Lieder, F., Griffiths, T. L.

The 2nd Multidisciplinary Conference on Reinforcement Learning and Decision Making, 2015 (article)

Abstract
Humans possess a repertoire of decision strategies. This raises the question how we decide how to decide. Behavioral experiments suggest that the answer includes metacognitive reinforcement learning: rewards reinforce not only our behavior but also the cognitive processes that lead to it. Previous theories of strategy selection, namely SSL and RELACS, assumed that model-free reinforcement learning identifies the cognitive strategy that works best on average across all problems in the environment. Here we explore the alternative: model-based reinforcement learning about how the differential effectiveness of cognitive strategies depends on the features of individual problems. Our theory posits that people learn a predictive model of each strategy’s accuracy and execution time and choose strategies according to their predicted speed-accuracy tradeoff for the problem to be solved.
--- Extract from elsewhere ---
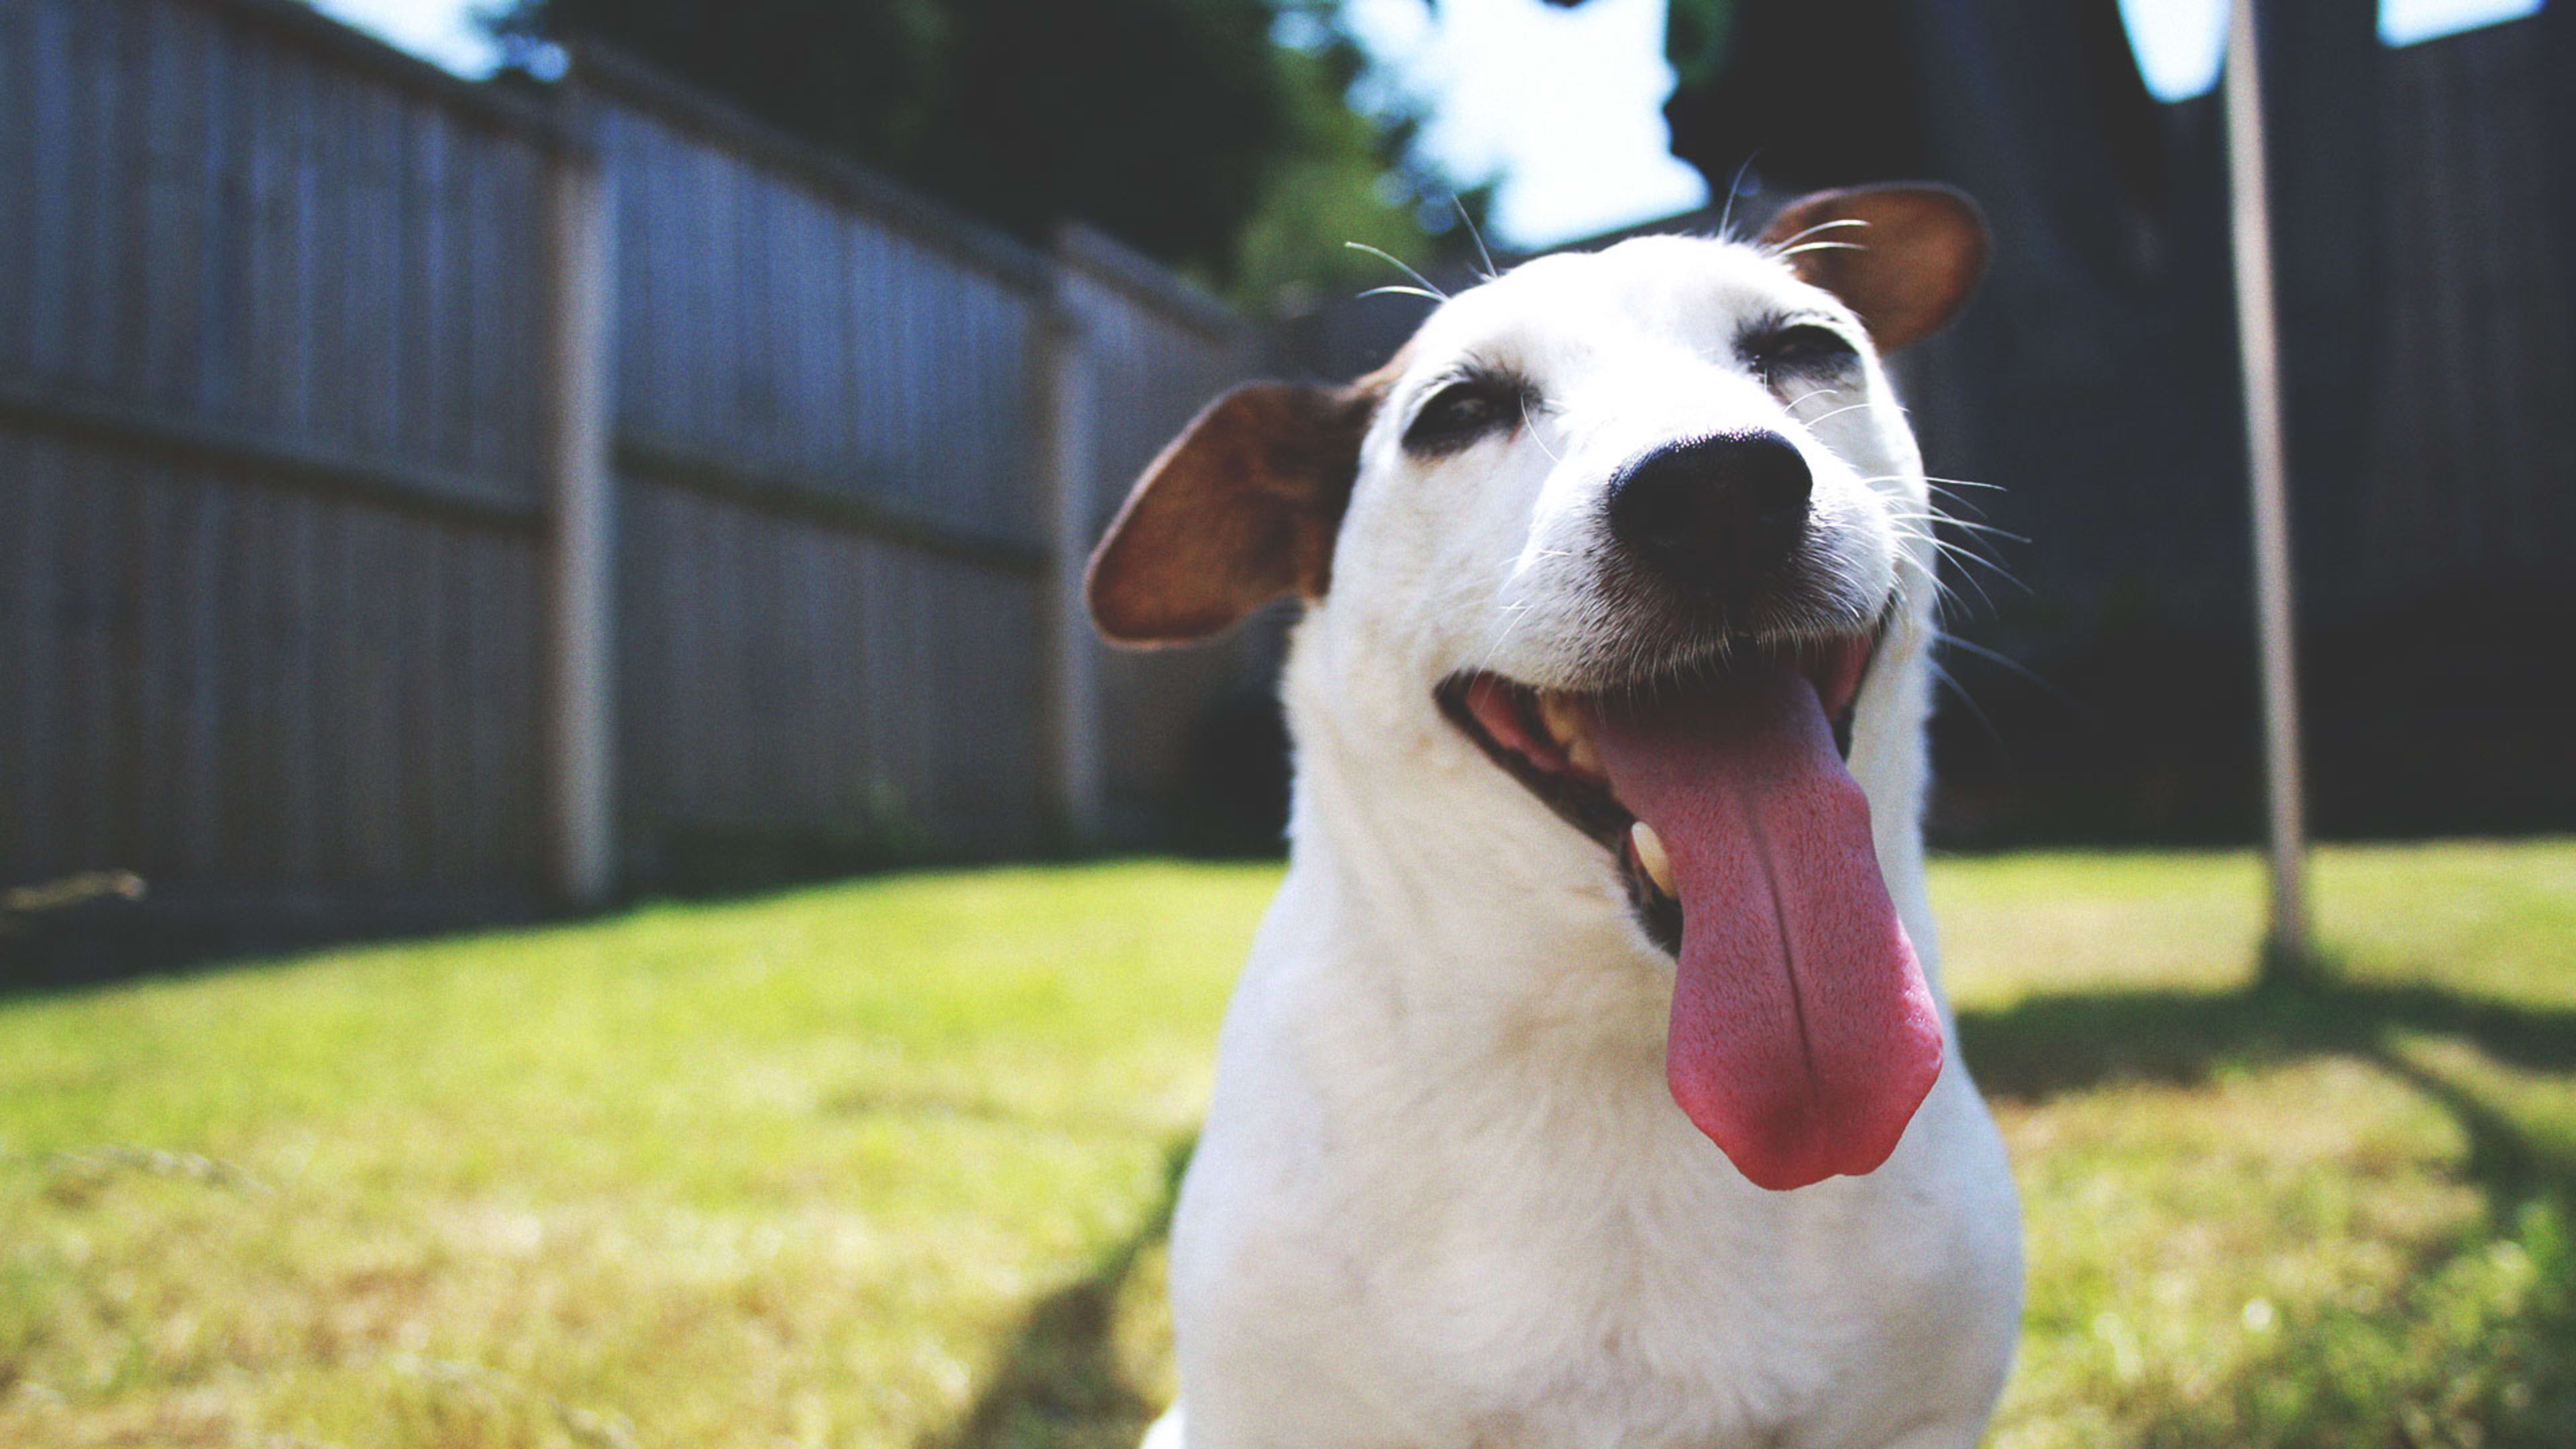 Dog-sitting website DogBuddy fetches $6 million in new funding

We evaluate our theory against previous accounts by fitting published data on multi-attribute decision making, conducting a novel experiment, and demonstrating that our theory can account for people’s adaptive flexibility in risky choice. We find that while SSL and RELACS are sufficient to explain people’s ability to adapt to a homogeneous environment in which all decision problems are of the same type, model-based strategy selection learning can also explain people’s ability to adapt to heterogeneous environments and flexibly switch to a different decision-strategy when the situation changes.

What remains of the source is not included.